◆ Work to be completed:
From the entries below, transcribe exactly the lines between the line holding "Reunión con la" and the line holding "インタビューの模様 (撮影=福岡諒祠)", inclusive; skip all other lines.

◆ Source information:
....

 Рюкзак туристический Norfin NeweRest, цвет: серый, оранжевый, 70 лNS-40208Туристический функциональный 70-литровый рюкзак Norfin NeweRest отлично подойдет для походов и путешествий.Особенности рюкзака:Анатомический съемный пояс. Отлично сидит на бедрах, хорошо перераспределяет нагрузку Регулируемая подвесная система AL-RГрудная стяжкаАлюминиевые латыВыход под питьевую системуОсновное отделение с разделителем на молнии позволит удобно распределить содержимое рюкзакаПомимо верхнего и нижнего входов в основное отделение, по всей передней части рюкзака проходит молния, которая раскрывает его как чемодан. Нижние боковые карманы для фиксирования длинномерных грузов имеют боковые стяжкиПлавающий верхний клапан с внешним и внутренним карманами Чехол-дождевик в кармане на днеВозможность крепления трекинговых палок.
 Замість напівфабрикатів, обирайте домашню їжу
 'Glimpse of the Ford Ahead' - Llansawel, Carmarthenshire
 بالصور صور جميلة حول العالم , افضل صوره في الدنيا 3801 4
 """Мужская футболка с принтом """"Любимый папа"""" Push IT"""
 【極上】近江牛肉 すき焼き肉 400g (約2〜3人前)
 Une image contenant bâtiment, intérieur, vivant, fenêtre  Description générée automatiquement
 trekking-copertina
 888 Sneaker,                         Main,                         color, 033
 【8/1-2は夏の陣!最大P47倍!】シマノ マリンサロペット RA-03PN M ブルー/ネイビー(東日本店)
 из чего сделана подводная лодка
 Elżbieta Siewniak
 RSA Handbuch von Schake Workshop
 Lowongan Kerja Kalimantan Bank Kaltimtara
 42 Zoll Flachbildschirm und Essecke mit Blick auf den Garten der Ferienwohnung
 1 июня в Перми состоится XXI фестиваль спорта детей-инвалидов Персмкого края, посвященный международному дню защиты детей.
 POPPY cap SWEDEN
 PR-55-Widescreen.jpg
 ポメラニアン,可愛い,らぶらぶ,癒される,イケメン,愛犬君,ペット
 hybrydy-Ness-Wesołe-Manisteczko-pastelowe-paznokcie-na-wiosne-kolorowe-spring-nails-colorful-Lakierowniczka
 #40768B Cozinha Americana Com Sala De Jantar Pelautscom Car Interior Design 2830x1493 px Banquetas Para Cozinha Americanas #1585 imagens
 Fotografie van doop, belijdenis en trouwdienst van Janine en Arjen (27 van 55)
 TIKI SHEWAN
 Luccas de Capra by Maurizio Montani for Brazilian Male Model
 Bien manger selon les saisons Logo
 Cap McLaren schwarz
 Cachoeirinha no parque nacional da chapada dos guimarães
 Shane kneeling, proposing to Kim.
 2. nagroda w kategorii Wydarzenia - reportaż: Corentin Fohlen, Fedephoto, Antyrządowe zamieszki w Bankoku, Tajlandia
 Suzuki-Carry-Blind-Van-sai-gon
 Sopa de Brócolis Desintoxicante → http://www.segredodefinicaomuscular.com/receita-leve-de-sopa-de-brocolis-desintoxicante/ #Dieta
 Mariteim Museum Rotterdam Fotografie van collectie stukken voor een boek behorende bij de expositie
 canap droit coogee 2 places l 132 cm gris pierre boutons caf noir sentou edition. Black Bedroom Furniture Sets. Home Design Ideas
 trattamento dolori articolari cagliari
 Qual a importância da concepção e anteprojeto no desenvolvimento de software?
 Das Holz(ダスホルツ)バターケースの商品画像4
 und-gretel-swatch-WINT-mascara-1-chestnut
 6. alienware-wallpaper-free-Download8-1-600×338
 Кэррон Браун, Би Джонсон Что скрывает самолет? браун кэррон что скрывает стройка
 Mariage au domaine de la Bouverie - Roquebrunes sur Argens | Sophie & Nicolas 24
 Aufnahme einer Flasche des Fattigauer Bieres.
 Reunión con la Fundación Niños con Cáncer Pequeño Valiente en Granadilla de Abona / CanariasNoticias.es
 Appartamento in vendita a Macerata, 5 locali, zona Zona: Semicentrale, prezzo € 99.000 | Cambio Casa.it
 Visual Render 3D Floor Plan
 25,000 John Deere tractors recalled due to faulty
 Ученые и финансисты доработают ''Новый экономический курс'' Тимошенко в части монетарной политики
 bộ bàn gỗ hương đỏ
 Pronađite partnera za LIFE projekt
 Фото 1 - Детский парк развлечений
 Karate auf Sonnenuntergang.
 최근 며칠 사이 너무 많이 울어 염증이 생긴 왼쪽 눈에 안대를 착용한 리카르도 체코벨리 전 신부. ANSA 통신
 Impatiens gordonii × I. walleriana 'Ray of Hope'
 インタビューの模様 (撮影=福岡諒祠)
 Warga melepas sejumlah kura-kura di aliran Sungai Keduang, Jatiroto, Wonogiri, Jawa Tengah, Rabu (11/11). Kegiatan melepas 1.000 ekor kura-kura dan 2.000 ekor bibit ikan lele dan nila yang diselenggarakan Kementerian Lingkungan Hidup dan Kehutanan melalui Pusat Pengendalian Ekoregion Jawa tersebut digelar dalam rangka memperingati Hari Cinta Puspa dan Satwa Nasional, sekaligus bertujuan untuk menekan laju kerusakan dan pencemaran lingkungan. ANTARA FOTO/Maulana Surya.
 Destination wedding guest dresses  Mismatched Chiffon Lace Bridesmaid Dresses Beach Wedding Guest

....

◆ Response:
 Reunión con la Fundación Niños con Cáncer Pequeño Valiente en Granadilla de Abona / CanariasNoticias.es
 Appartamento in vendita a Macerata, 5 locali, zona Zona: Semicentrale, prezzo € 99.000 | Cambio Casa.it
 Visual Render 3D Floor Plan
 25,000 John Deere tractors recalled due to faulty
 Ученые и финансисты доработают ''Новый экономический курс'' Тимошенко в части монетарной политики
 bộ bàn gỗ hương đỏ
 Pronađite partnera za LIFE projekt
 Фото 1 - Детский парк развлечений
 Karate auf Sonnenuntergang.
 최근 며칠 사이 너무 많이 울어 염증이 생긴 왼쪽 눈에 안대를 착용한 리카르도 체코벨리 전 신부. ANSA 통신
 Impatiens gordonii × I. walleriana 'Ray of Hope'
 インタビューの模様 (撮影=福岡諒祠)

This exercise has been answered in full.